→ Exercise aim: Reproduce the entries shown below only from the line with "Спортивная флисовая куртка" down to the line with "벚나무가 그려진 'The", keeping both end lines and copying each one exactly.

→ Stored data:
________________________________________

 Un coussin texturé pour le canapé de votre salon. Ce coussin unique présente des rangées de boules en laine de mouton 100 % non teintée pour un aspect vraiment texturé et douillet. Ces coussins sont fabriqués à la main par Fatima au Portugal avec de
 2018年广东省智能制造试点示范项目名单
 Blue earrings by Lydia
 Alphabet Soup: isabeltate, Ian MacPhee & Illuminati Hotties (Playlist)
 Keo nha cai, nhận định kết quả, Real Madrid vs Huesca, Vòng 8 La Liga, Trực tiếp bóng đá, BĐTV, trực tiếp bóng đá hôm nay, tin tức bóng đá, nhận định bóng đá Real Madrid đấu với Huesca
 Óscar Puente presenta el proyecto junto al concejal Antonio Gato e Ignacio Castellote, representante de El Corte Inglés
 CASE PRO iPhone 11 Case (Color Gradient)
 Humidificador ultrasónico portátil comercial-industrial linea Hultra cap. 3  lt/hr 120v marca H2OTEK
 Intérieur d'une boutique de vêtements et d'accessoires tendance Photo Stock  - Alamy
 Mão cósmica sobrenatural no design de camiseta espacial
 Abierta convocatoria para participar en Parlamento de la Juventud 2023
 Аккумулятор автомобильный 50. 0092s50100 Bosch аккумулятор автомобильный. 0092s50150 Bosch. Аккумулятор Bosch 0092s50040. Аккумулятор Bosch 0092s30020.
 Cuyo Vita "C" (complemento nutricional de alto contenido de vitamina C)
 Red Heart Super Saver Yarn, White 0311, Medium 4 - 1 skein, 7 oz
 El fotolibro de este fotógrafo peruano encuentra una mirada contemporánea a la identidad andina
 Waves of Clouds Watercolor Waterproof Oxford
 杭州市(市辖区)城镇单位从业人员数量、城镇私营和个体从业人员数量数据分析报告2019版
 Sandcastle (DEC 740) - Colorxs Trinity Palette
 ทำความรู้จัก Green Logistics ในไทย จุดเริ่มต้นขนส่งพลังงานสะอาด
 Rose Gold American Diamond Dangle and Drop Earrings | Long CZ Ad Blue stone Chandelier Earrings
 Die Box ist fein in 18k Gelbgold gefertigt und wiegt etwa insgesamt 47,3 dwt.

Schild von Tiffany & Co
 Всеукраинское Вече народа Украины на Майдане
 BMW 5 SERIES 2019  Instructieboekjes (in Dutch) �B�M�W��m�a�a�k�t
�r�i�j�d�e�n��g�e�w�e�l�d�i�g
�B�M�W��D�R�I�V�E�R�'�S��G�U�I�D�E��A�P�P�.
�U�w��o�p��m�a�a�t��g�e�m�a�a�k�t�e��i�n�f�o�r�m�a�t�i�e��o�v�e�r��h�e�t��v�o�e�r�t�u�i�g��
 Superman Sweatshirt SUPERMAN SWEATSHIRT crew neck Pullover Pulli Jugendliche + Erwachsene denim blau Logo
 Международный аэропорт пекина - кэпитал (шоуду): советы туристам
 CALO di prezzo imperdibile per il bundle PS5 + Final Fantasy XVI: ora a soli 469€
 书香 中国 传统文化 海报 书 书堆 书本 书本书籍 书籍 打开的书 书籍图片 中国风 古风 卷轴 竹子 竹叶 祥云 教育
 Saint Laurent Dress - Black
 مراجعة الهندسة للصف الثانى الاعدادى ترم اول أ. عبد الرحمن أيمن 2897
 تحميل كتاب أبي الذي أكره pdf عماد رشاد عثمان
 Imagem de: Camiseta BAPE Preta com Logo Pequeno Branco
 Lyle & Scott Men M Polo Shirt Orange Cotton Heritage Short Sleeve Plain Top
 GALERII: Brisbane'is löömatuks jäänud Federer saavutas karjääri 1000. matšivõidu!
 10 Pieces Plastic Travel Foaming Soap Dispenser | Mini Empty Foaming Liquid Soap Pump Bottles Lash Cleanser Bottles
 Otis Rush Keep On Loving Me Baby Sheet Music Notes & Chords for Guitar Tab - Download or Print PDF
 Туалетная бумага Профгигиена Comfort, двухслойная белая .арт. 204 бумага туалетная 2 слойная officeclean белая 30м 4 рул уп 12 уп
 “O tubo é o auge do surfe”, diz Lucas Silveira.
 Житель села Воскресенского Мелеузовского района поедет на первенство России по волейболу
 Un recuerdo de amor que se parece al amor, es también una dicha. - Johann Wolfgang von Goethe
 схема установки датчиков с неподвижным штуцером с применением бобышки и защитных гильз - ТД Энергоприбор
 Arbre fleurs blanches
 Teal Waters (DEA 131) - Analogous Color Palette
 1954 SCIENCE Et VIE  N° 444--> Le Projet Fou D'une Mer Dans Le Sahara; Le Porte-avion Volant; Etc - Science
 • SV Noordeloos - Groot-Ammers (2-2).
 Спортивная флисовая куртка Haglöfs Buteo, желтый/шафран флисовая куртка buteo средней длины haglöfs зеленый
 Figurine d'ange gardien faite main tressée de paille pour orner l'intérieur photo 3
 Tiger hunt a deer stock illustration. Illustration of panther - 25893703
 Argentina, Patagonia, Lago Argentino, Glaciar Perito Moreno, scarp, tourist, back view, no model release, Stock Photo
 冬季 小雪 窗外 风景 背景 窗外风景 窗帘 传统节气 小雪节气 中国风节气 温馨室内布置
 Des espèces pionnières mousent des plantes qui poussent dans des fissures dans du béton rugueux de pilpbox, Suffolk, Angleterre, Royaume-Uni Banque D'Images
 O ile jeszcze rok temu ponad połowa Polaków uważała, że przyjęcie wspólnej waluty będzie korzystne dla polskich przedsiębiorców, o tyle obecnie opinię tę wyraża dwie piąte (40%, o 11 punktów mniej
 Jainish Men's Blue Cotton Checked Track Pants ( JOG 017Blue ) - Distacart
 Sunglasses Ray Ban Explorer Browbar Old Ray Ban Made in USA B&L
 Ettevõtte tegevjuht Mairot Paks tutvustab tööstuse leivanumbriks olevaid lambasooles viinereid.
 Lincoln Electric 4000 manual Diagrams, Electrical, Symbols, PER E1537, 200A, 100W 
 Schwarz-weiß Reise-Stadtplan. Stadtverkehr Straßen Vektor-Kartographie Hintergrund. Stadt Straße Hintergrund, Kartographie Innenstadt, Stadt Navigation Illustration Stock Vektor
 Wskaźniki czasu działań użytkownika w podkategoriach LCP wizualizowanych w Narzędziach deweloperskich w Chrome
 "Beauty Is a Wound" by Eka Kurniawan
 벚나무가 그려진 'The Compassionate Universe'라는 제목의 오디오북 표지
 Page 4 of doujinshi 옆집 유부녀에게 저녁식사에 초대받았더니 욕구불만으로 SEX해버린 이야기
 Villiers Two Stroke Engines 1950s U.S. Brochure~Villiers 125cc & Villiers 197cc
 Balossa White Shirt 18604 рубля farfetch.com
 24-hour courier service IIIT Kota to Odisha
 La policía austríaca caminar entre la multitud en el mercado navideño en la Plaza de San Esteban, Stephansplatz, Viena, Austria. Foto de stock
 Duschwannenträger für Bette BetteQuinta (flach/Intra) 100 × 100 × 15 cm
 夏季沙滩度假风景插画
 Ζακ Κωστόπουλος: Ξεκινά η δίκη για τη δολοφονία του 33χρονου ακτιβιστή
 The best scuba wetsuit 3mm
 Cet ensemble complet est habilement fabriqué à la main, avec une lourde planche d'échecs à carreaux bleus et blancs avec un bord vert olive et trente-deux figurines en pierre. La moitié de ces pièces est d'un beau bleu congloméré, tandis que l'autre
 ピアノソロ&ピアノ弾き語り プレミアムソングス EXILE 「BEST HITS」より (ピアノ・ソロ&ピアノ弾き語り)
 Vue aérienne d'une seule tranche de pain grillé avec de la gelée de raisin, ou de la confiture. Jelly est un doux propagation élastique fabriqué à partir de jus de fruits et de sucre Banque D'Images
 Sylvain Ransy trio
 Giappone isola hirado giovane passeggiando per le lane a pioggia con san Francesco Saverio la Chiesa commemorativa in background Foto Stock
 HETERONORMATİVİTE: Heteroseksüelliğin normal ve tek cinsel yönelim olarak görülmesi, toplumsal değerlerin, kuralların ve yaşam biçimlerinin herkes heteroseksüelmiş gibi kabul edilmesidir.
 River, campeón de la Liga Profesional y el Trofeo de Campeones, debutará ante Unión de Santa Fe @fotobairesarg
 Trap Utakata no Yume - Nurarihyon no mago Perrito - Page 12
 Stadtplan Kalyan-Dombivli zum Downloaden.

________________________________________

→ Result:
 Спортивная флисовая куртка Haglöfs Buteo, желтый/шафран флисовая куртка buteo средней длины haglöfs зеленый
 Figurine d'ange gardien faite main tressée de paille pour orner l'intérieur photo 3
 Tiger hunt a deer stock illustration. Illustration of panther - 25893703
 Argentina, Patagonia, Lago Argentino, Glaciar Perito Moreno, scarp, tourist, back view, no model release, Stock Photo
 冬季 小雪 窗外 风景 背景 窗外风景 窗帘 传统节气 小雪节气 中国风节气 温馨室内布置
 Des espèces pionnières mousent des plantes qui poussent dans des fissures dans du béton rugueux de pilpbox, Suffolk, Angleterre, Royaume-Uni Banque D'Images
 O ile jeszcze rok temu ponad połowa Polaków uważała, że przyjęcie wspólnej waluty będzie korzystne dla polskich przedsiębiorców, o tyle obecnie opinię tę wyraża dwie piąte (40%, o 11 punktów mniej
 Jainish Men's Blue Cotton Checked Track Pants ( JOG 017Blue ) - Distacart
 Sunglasses Ray Ban Explorer Browbar Old Ray Ban Made in USA B&L
 Ettevõtte tegevjuht Mairot Paks tutvustab tööstuse leivanumbriks olevaid lambasooles viinereid.
 Lincoln Electric 4000 manual Diagrams, Electrical, Symbols, PER E1537, 200A, 100W 
 Schwarz-weiß Reise-Stadtplan. Stadtverkehr Straßen Vektor-Kartographie Hintergrund. Stadt Straße Hintergrund, Kartographie Innenstadt, Stadt Navigation Illustration Stock Vektor
 Wskaźniki czasu działań użytkownika w podkategoriach LCP wizualizowanych w Narzędziach deweloperskich w Chrome
 "Beauty Is a Wound" by Eka Kurniawan
 벚나무가 그려진 'The Compassionate Universe'라는 제목의 오디오북 표지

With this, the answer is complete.